Filling the vacancy being left by Gael Tarleton, who was elected to the state legislature last fall, the Port of Seattle Commission has appointed Courtney Gregoire. She's a Microsoft attorney, a Seattle Community Colleges board member, and a daughter of a former governor. The commission must also replace Rob Holland, who is leaving his post amidst an ethics controversy, and the smart money to fill his shoes is obviously on Michelle Gregoire.
I posted the announcement after the jump.
The Port of Seattle Commission has selected Courtney Gregoire to fill the seat vacated by Gael Tarleton. Gregoire joins the port after serving as the director of President Obama’s National Export Initiative and other high-profile work to support economic development in Washington and across the country.
“Courtney brings unparalleled accomplishments and relationships that will advance the port’s mission to create family-wage jobs by growing trade. We’re excited to welcome her to our team,” said Commission President Tom Albro. “We had a great opportunity to watch all our outstanding finalists in action during our open public process, a process we will also use for our second vacancy.”
Gregoire is an attorney at Microsoft, where she supports the firm’s worldwide sales group. She served previously as deputy chief of staff to Commerce Secretary Gary Locke and legislative director to Sen. Maria Cantwell. She has degrees from Harvard Law School and Willamette University.
The Commission will begin a second public process to fill Rob Holland’s seat, who is resigning from the Commission effective March 15. The decision on Holland’s seat will be completed in late April or early May.
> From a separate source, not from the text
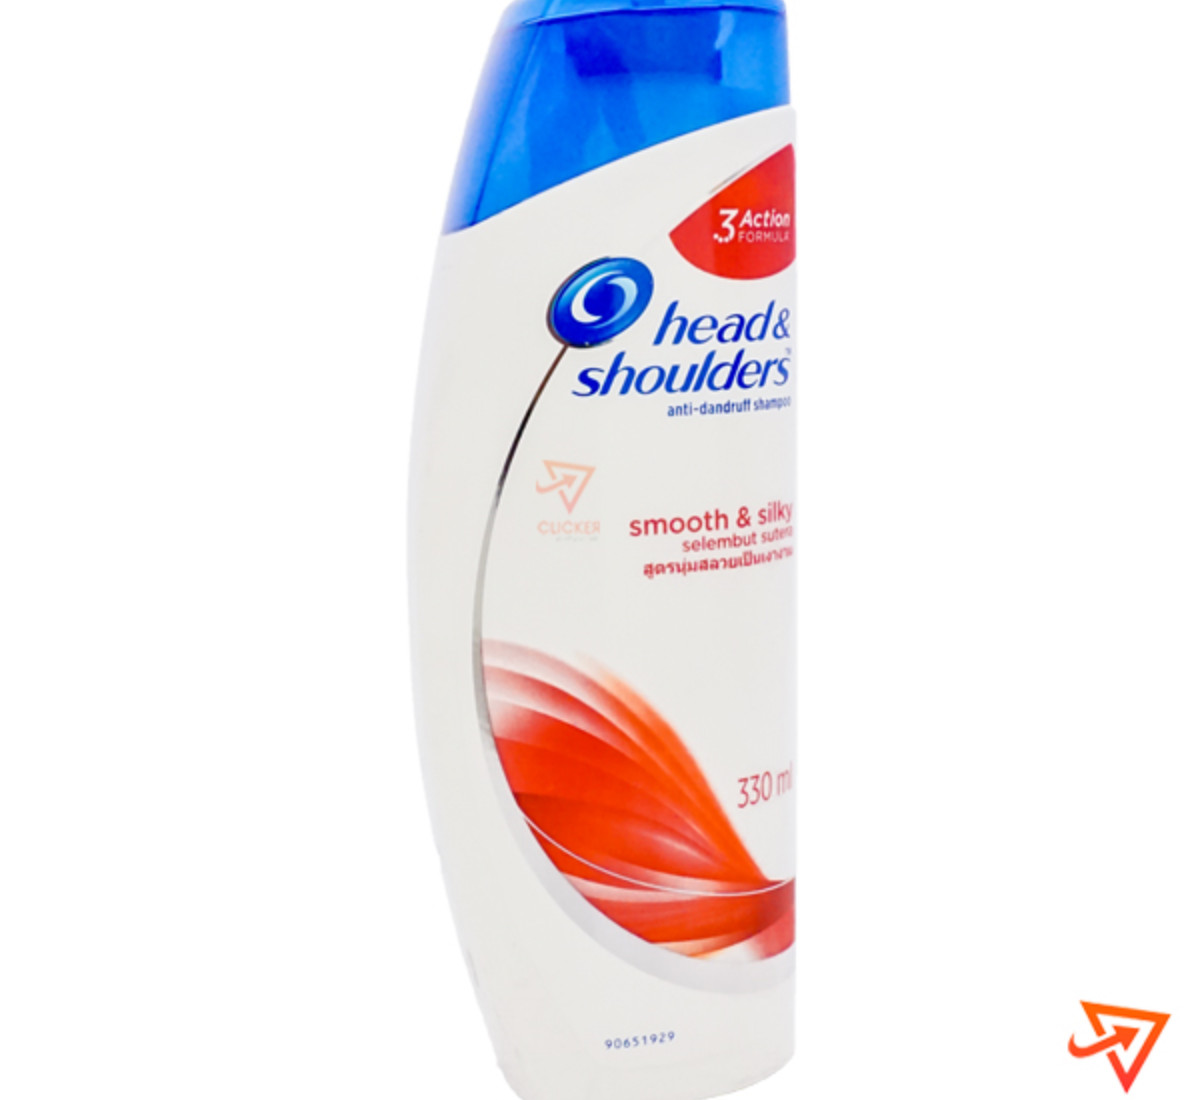 Clicker product 330ml HEAD&SHOULDER'S anti-dandruff shampoo-smooth and silky 1058

The Commission will accept applications for Holland’s seat until noon on March 22. Application packets are available on the Commission website at http://www.portseattle.org/About/Commission/Pages/default.aspx. Completed applications are public records subject to disclosure.
Applicants must be a King County resident and registered to vote in the county. The Commission Office will conduct background and reference checks on all finalists. The position pays $500 a month, with benefits, and requires some travel. A resolution is pending before the commission to increase commissioner salaries to the same level as those of state legislators.
All of the finalists not chosen for Tarleton's position will be automatically considered for the second position unless a finalist chooses to end her candidacy. Any of the applicants for the first vacancy will also be considered if the candidate advises the Commission Office of continuing interest.
On March 26, new applicants will be asked to address the Commissioners for three minutes or submit a written statement. Returning applicants may address the Commissioners if they so choose, but an appearance is not necessary.
Both seats will be on the ballot in November. The election for Holland’s position will fill the seat for four years, while the winner in the race for Tarleton’s seat would serve only until 2015.